朝4:30にゲストハウスを出発。幹線道路から外れると、ジャングルのなかを通る一本道に入った。舗装はされているが、なんだか不気味だ。運転するオーナーの背中からも少し緊張が伝わってくる。道端にゾウのウンチが落ちているのを何度も目撃した。やっぱりトゥクトゥクに乗せてもらって正解だったようだ。

20分ほど走ると、登山口のある寺院前に着いた。ここでオーナーと別れた。境内に入ると受付がある。シーギリヤロックのゲートは8時オープンだが、ここのお寺は早朝から開いている。入山料500ルピー(約300円)を払い、ヘッドライトを頼りに山道を早足で登る。寺の境内から20分ほどかかっただろうか、最後に大きな岩の隙間をよじ登っていくと頂上に出た。あたりはまだ暗かったが、すでに30人以上の人がいた。多くが欧米人のカップルやグループだ。はしゃいでいる人たちもいるが、多くは静かに夜空を見上げている。目の前にシーギリヤロックのシルエットがうっすらと、遠くにはポツポツと町の光が見えていた。

先に見えるのは夜明け前のシーギリヤロック

東の夜空が青みをおびはじめ、少しずつ夜が終わっていく。世界が入れ替わる時間だ。これまで何度も何度も夜明けを見てきたが、飽きることがない。地上に広がる風景は違っても、空は同じなのだ。世界中が繋がっている。

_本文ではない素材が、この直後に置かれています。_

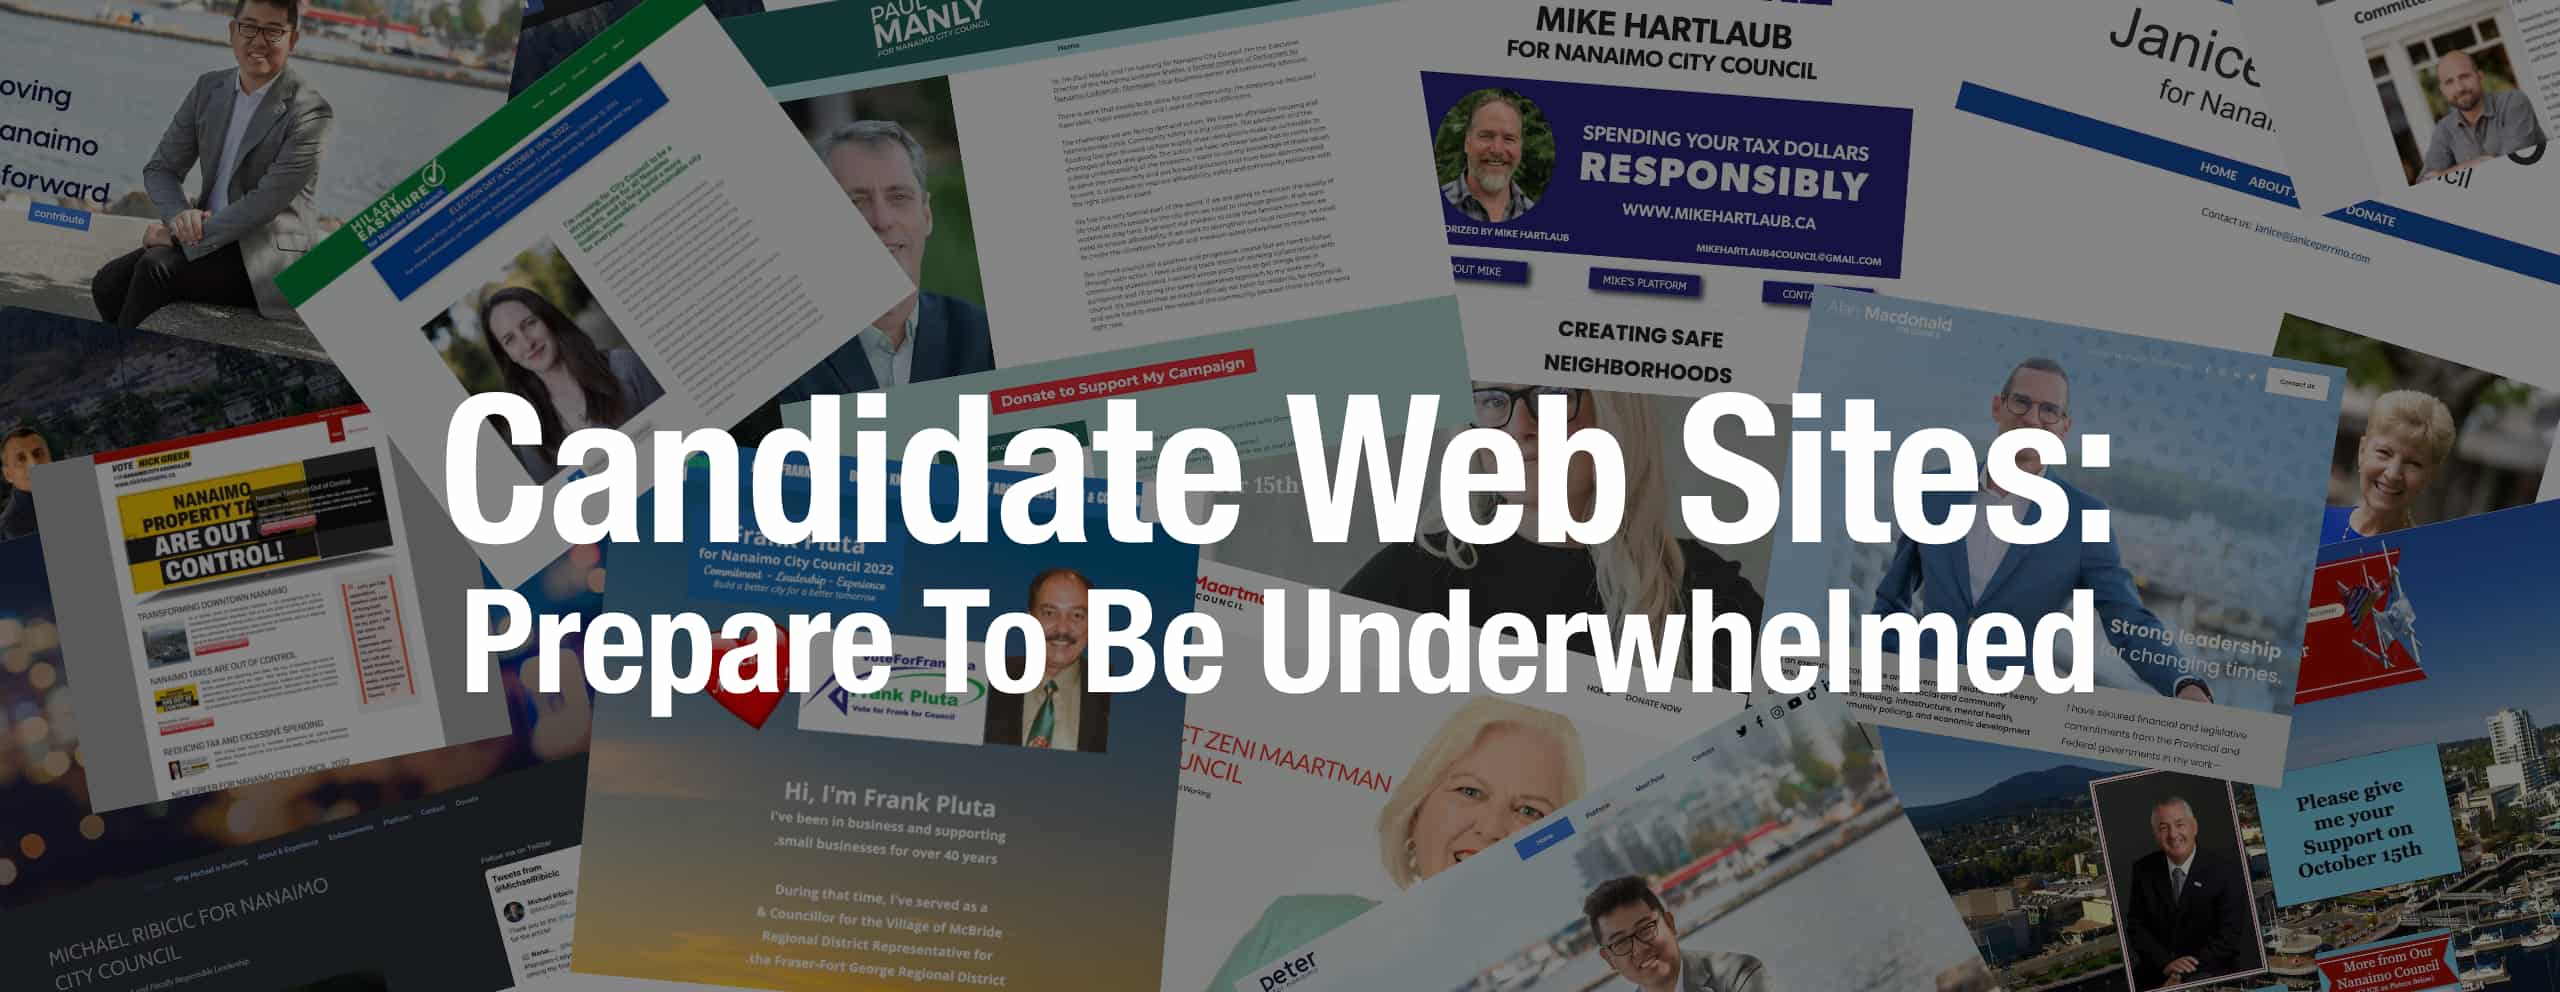 Rating the Nanaimo Candidates’ Web Sites

シーギリヤロックの背後から朝日が昇ってくることを期待していたが、白み始めた空は全く違う方角だった。インスタ用なのか自撮りに忙しい人たちもいたが、多少の緊張感を持って太陽を迎えようとしている人たちもいる。清々しい光景だ。結局、雲が多くてすっきりと太陽を拝むことはできなかったけれど、特別な時間をこの場所で過ごせたことがうれしくもあり不思議な気分でもあった。

ピドゥンガラロックで夜明けを待っていたカップル
ピドゥンガラロックには人工物がないため、空と一体になれそうな心地良さがある。

夜明け前から登っていた人たちは、日が昇ると早々に下山を始めた。8時から入山できるシーギリヤロックに向かうのだろうか。もしくは次の町へと移動していくのか。会話を交わした人は一人もいなかったが、そっと写真におさめた人は何人かいた。帰国後、日本の大阪という場所でぼくが彼、彼女をパソコンの画面で見ている。連絡先もどこの国の人かもわからない。だけど、パソコンのなかにはシーギリヤロックとともに彼らがいる。ぼくも誰かの写真のなかで、そういう存在になっているのだろうか。それはどこの国の人だろうか?そんな想像が膨らむことも、写真の面白さのひとつかもしれない。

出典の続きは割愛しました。